Super Tuesday Campus Reactions: Will OSU Students Get Psyched To Vote?

Will OSU Students Get Psyched To Vote?

COLUMBUS -- With less than 8 hours to go before voters in 10 states hit the polls, as of late Monday night there was not that much Super in Super Tuesday. Super Tuesday I am in Ohio for a primary that the young people I've run into so far apparently don't care that much about. We won't know until later today if the four remaining Republican candidates -- Mitt Romney, Rick Santorum, Newt Gingrich and Ron Paul -- will be able to rouse the 18-29 voting bloc, but recent results aren't that promising.

In the recent Arizona Primary, six percent of eligible voters under 30 turned out to vote and in Michigan it was hardly better at seven percent. Not too hot.

But those are just stats. When you hit the ground, you get past the numbers and start talking to some of the folks who might help the candidates roll up those 419 delegates at stake on the biggest voting day of the year so far.

On the plane ride here Monday night I met soon-to-be-dentist David Neumann, 23. We talked dental school, how he got into better colleges than I did, and of course the biggest topic in Ohio: The Republican Primary.

"I didn't even know it was tomorrow," said Neumann. "I am involved. I follow what's going on. I just don't feel interested in that right now." But when I bring up Heat star LeBron James, who left David's hometown of Cleveland for Miami, his face lights up with fury. You can tell he's pissed.

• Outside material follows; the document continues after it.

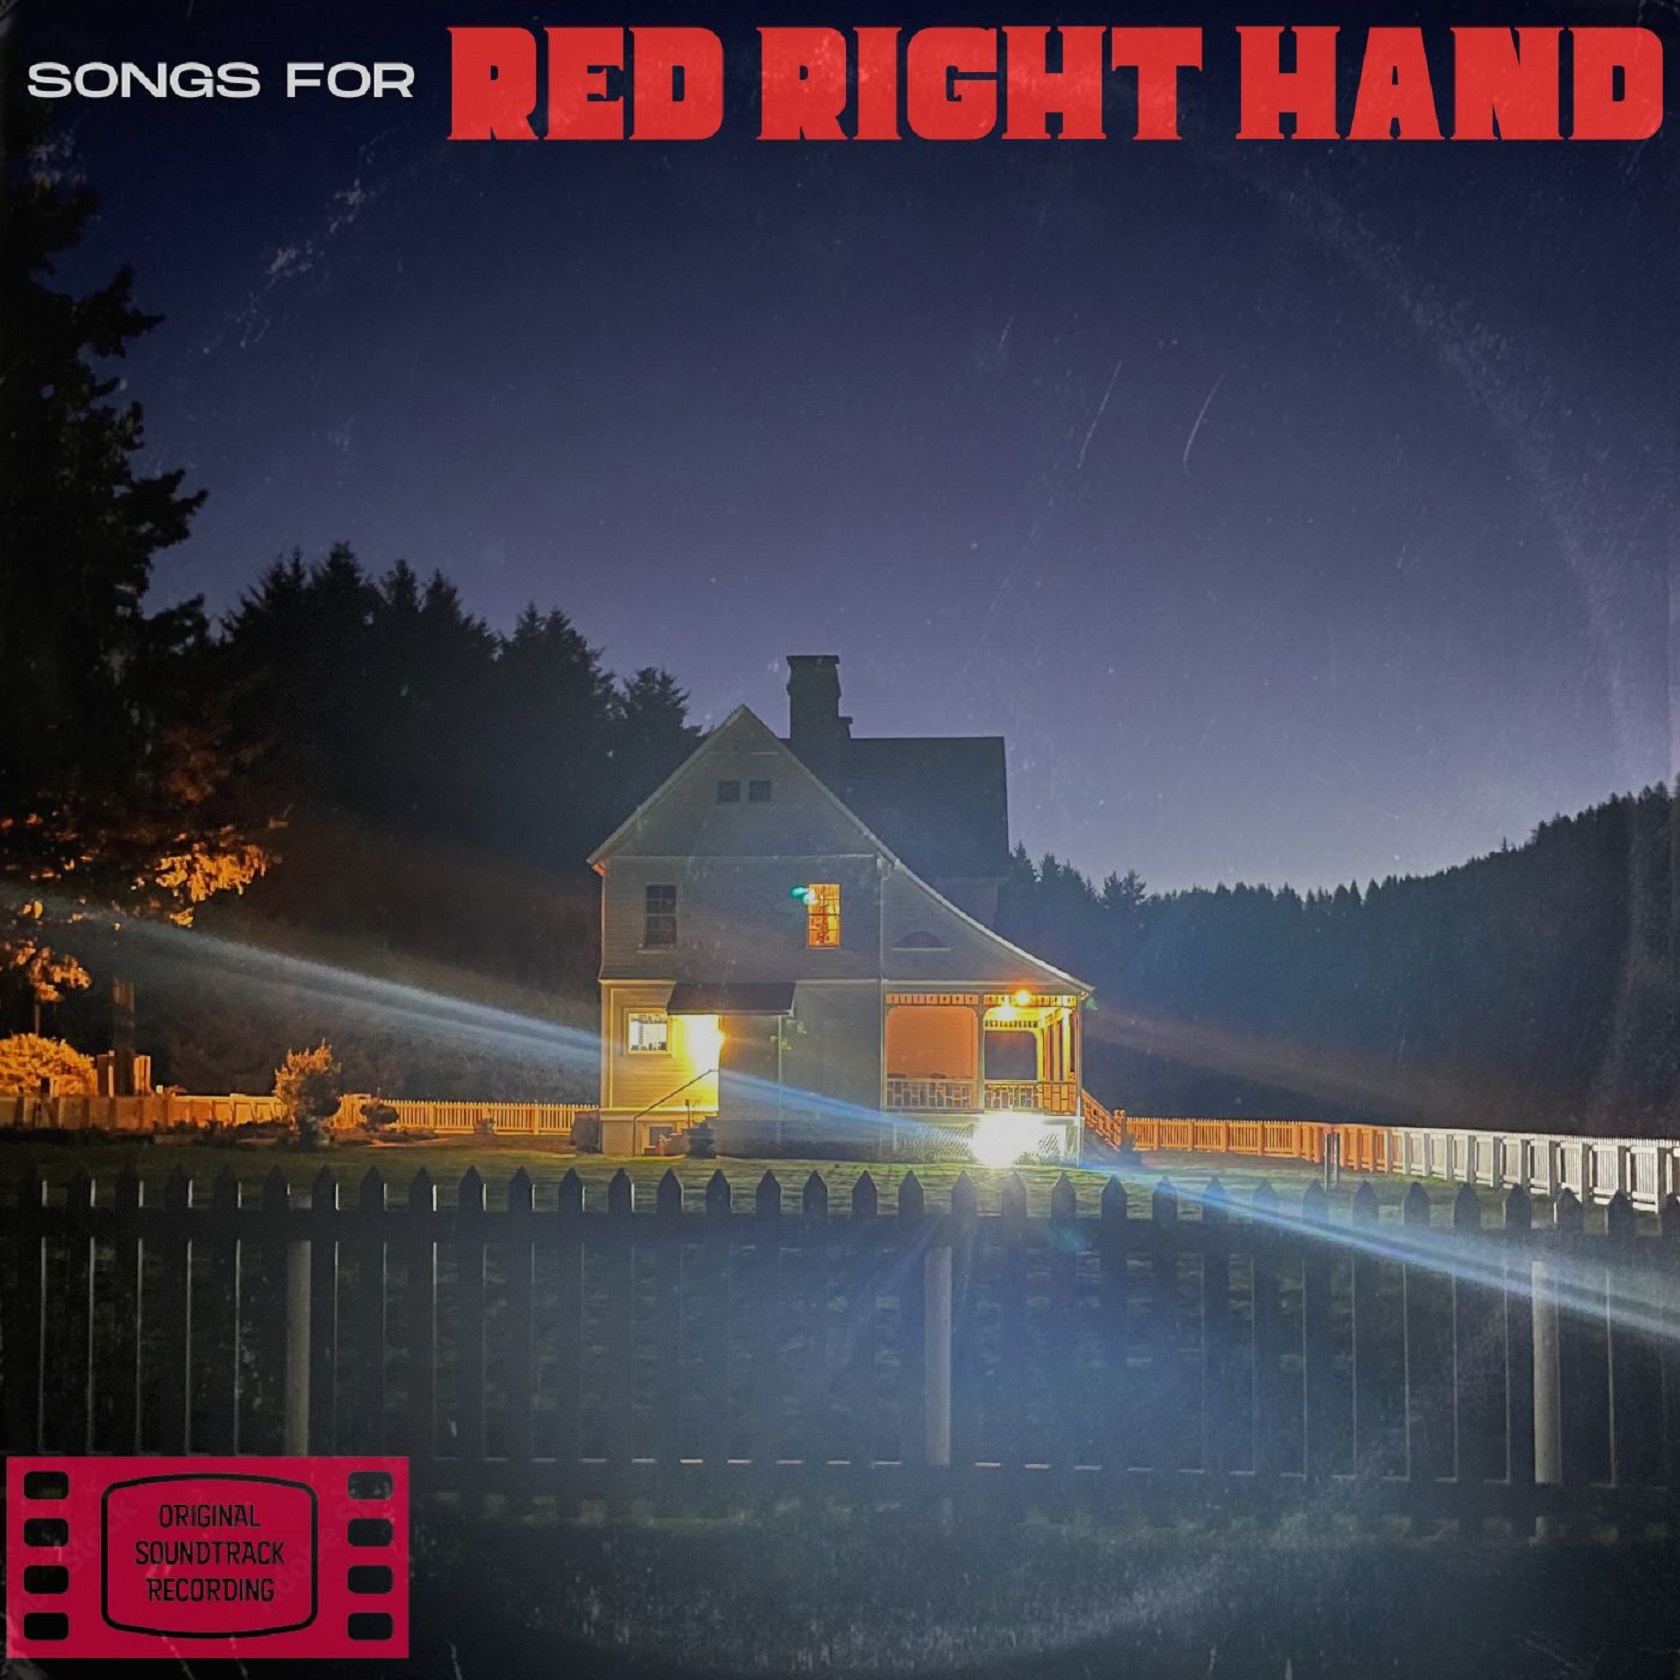 Seattle's Peter Donovan Releases New Music Written and Recorded for Red Right Hand, staring Orlando Bloom and Andie MacDowell, out now via Magnolia Pictures

But the Primary?

"Feels like a lot of empty words," he told me when describing the entire election and the seemingly never-ending GOP battle to come up with a candidate to take on President Obama in the fall.

While waiting for my bags I met Shadi Yaabdi, who is now old enough to vote in the upcoming election.

"Super what?," she asked when I inquired whether she was planning on voting today. "Yeah, I don't care for that."